Plaintiff contends that the agreement is substantively
unconscionable because it is not a bilateral agreement and because it
improperly curtails the Court’s ability to hear post-trial motions. Plaintiff
relies extensively on citations involving employment arbitration provisions,
which are not directly on point for a dispute over a judicial reference
provision in a commercial deposit account agreement. (See, e.g, Amendariz v.
Foundation Health Psychcare Servs., Inc. (2000) 24 Cal.4th 83 at 122.)
Plaintiff identifies several provisions in the agreement that appear to be
unfairly one-sided, including preservation of the right of Defendant to sue for
default, while requiring judicial reference for most matters for which
Plaintiff would likely want to sue, (Wartburg Decl. Exh. E. p. 45), class and
representative waivers (Id. p. 23), a one-year limitations period
governing most claims and a requirement for customers to report claims to the
bank within 60 days (Id. at pp. 20-21), and waivers by customers only of
incidental, consequential, special, punitive, or exemplary damages (Id at
21.) Multiple heavily one-sided provisions in an ADR agreement supports a
finding of substantive unconscionability. (See, e.g, Samaniengo v. Empire Today LLC (2012), 205 Cal.App.4th 1138, 1148.) However, the burden is also
on Plaintiff, as the party asserting the defense, to show that these terms are
outside the norm for the commercial banking sector. (See Civ. Code § 1670.5; O’Donoghue,
supra, at 256 [party seeking waiver bears burden of proof]; Sanchez,
supra, 61 Cal.4th at 912 [“An evaluation of unconscionability is highly
dependent on context.”] Plaintiff has not done so, as Plaintiff offers no
statements nor evidence as to the norm for this industry. The Court therefore
cannot find that Plaintiff has met the heavy burden to show substantive
unconscionability so as to invalidate the reference clause.

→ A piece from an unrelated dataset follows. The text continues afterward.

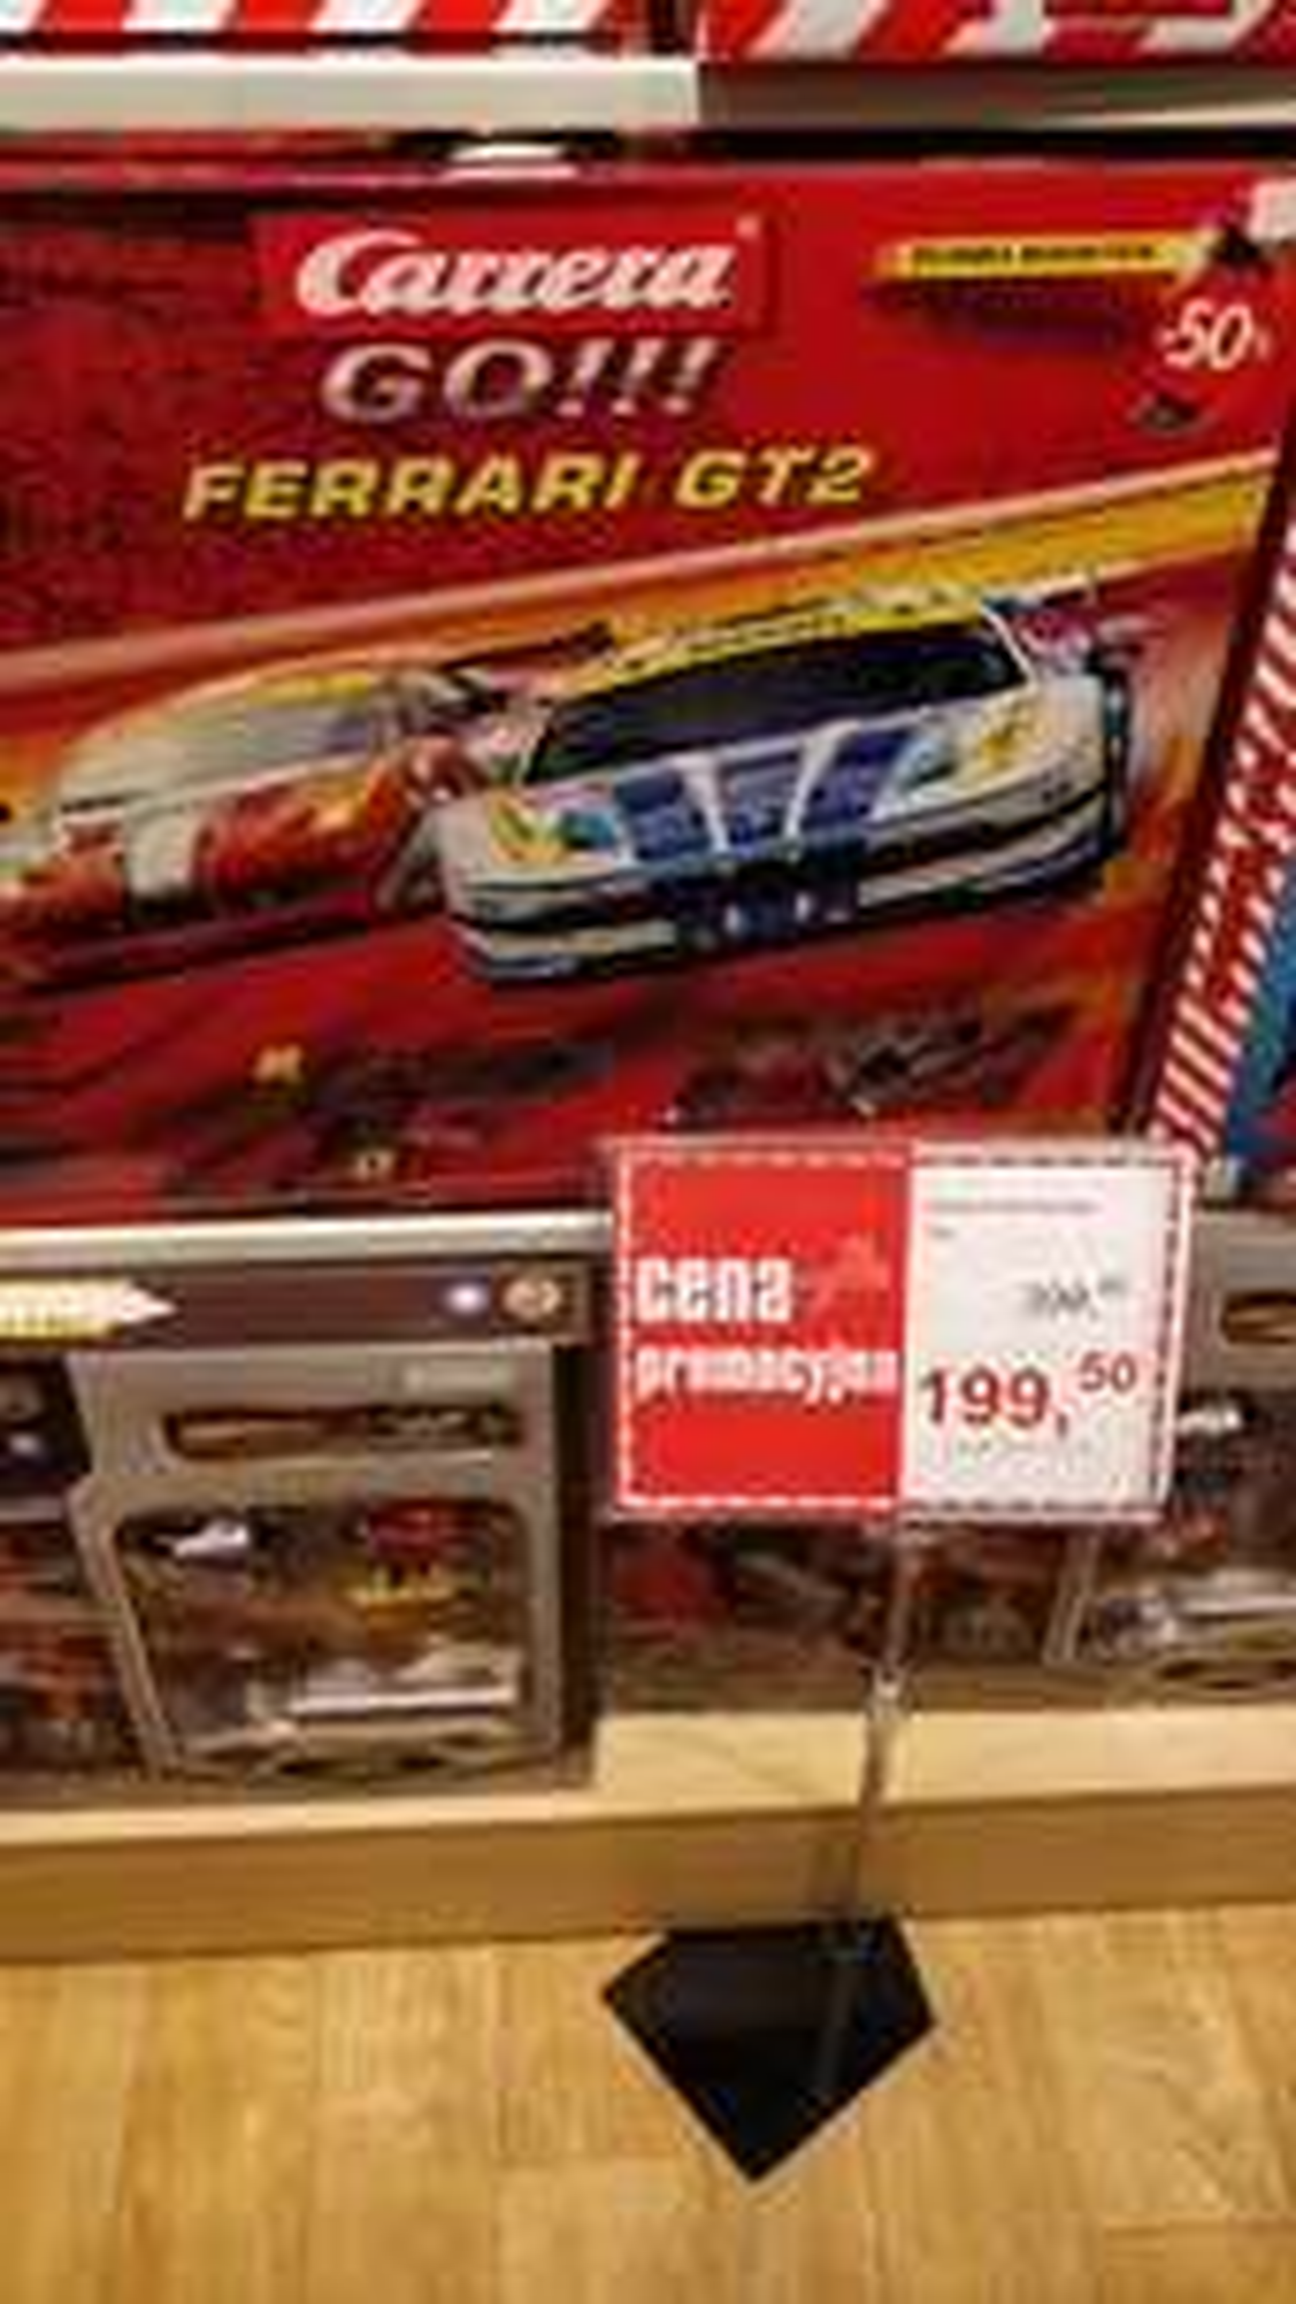 Tor Carrera Ferrari GT2 - Smyk

As to the issue of post-trial motions, Defendant states in
reply that it is willing to excise this portion of the agreement. Thus, there
is apparently no dispute on this point.
That said, the Court concludes that there is no basis for a prohibition
against delegating authority to the referee for post-trial motions, nor any
authority establishing the unconscionability of such a reference. Because it will streamline resolution of the
parties’ dispute and create unnecessary duplication of effort by the Court and
the referee, the Court holds that post-trial motions should be heard by the
referee rather than the Court.
Request for Attorneys’ Fees
Defendant seeks attorney’s fees in
connection with this motion in excess of $28,000 pursuant to the Account
Agreement’s fee-shifting provision. Defendant did not specify the amount of
fees in its Notice of Motion, nor do the accompanying declarations state how
Defendant arrived at this requested number. (See Declaration of Lance N. Jurich
¶ 4.) The Court therefore declines to award attorney’s fees.
CONCLUSION:
Accordingly,
Defendant’s Motion for Judicial Reference is GRANTED. The Court appoints Hon.
George H. King (Ret.) as the judicial referee to preside over all issues in
this matter.
The Court orders this matter stayed
pending resolution by the judicial referee. Any and all future dates are advanced and
vacated. A Status Conference/OSC re: Dismissal is set for August 7, 2023 at
8:30 a.m.
Defendant’s
request for attorney’s fees is DENIED.
Moving
Party to give notice.
IT IS SO ORDERED.
Dated: August 5, 2022 ___________________________________
Theresa
M. Traber
Judge
of the Superior Court
Any party may submit on the
tentative ruling by contacting the courtroom via email at Smcdept47@lacourt.org by no later than 4:00 p.m. the day
before the hearing. All interested parties must be copied on the email. It
should be noted that if you submit on a tentative ruling the court will still
conduct a hearing if any party appears. By submitting on the tentative you
have, in essence, waived your right to be present at the hearing, and you
should be aware that the court may not adopt the tentative, and may issue an
order which modifies the tentative ruling in whole or in part.